Let’s start with the one creature we all associate with Hawaii, and the one I love the most. The sea turtle.
If you ever take a look at a majestic sea turtle and notice it’s got puffy lesions on its skin, you might be wondering what they are. After spending some time with a marine biologist one day (and peppering her with questions), I learned that they are herpes lesions. The herpes virus passes to the turtles by way of human contact, and stress exacerbates the condition (ahem – getting too close to them). The lesions can interfere with their sight, rendering them more vulnerable to being munched on by a hungry shark, they can make it hard for the animal to swim and escape danger like sharp rocks in waves, and can interfere with the ability to feed properly, rendering the poor animal unable to eat. Basically, if you don’t want to kill turtles (what monster would?!), don’t touch them. Ever.
But why? What does touching have to do with it? A lot, sadly. We carry viruses on our hands and skin that may not affect us and remain neutral in our systems for our lifetimes. But when we come in literal contact with wildlife, it doesn’t always have that neutral impact – in the case of turtles… not at all.
#1 – NO TOUCHIE. ONLY LOOKIE. Even if they swim up to you in the water (and they may). Pretend you’re being robbed. Hands up!
#2 – Distance. 15’ feet away is the law. I recommend 20’ with a good zoom lens. Respect the turtles and let them live in peace. You like peace and distance, right?
#3 – Move. If a turtle approaches the beach and you’re standing in their path, MOVE. Make way for them to rest. I’ve seen too many tourists stand in the turtles way thinking the turtle is coming over to them (it’s not), and the turtle ultimately leaves because they can’t rest. Don’t do that.

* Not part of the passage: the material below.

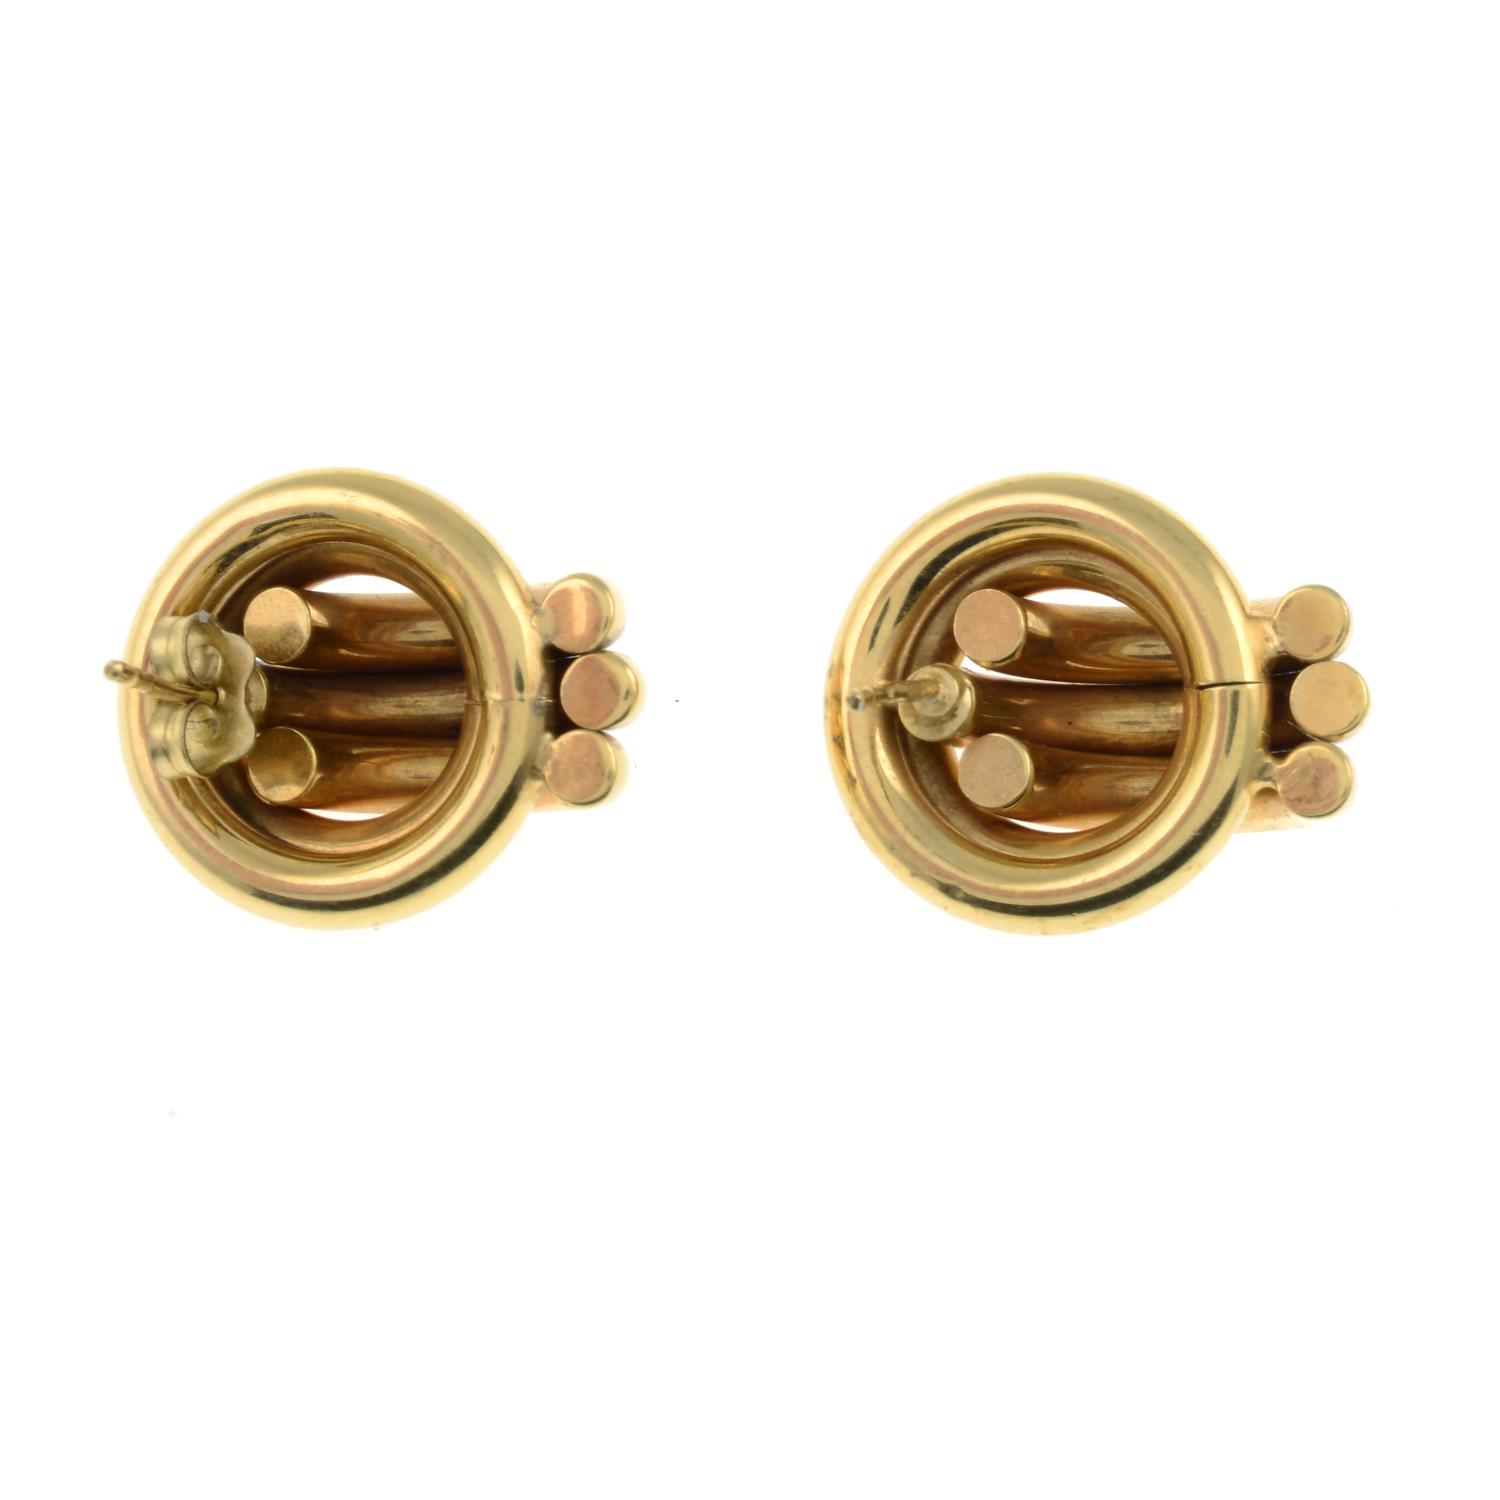 A pair of 9ct gold earrings.Hallmarks for 9ct gold. - Image 2 of 2

#4 – Don’t be a creep. If you’re snorkeling, swimming, or free diving and encounter a turtle, be grateful for this incredible moment! And… don’t follow them. Let the moment be a moment, not a stalking.
OK, commandments complete. Easy, right?
Bottom line, please recognize that your choices have an impact and yes, you matter.
Everybody knows about the Ho’okipa lookout where you can see turtles basking in the sun, and it’s a popular spot for a reason. Bring your zoom lens because you are NOT going to be able to get close to the turtles. Too many visitors disrespect the turtles need (not want…. NEED) for space, so there are local volunteers there to make sure you don’t hop over the rock barricade.
Open this link on your phone to get directions to this spot in Paia: https://goo.gl/maps/stMkiv4DNhSXLk2x5
Not everyone knows about this spot, but it’s a reliable spot to see turtles. But you’re going to have to get wet. Remember the commandments? Did you memorize them? This is a spot that’s not as carefully guarded so you’re going to have to be on your best behavior and accountable to God.
Every day around sunset, the turtles swim around and haul their bodies up on the rocks to rest. You can take pictures if you like or just appreciate them.
Open this link on your phone to get directions to this spot in Kihei: https://goo.gl/maps/hfvBVZ8iGjx6FSS29
Even More Turtles!
If you like to swim with turtles (and who doesn’t!?!), you’re going to love being at Kamaole Beach Park 1 in the mornings. Don’t even think about going in the water until an hour after sunrise (sharks), but when you do, be prepared to see turtles. You’re not going to see much past 1 pm. You can, it’s just not as likely. The turtles like the calm water. They’ll swim by you and poke their little heads up. After your 1,000th turtle sighting, you might still get excited (I do!).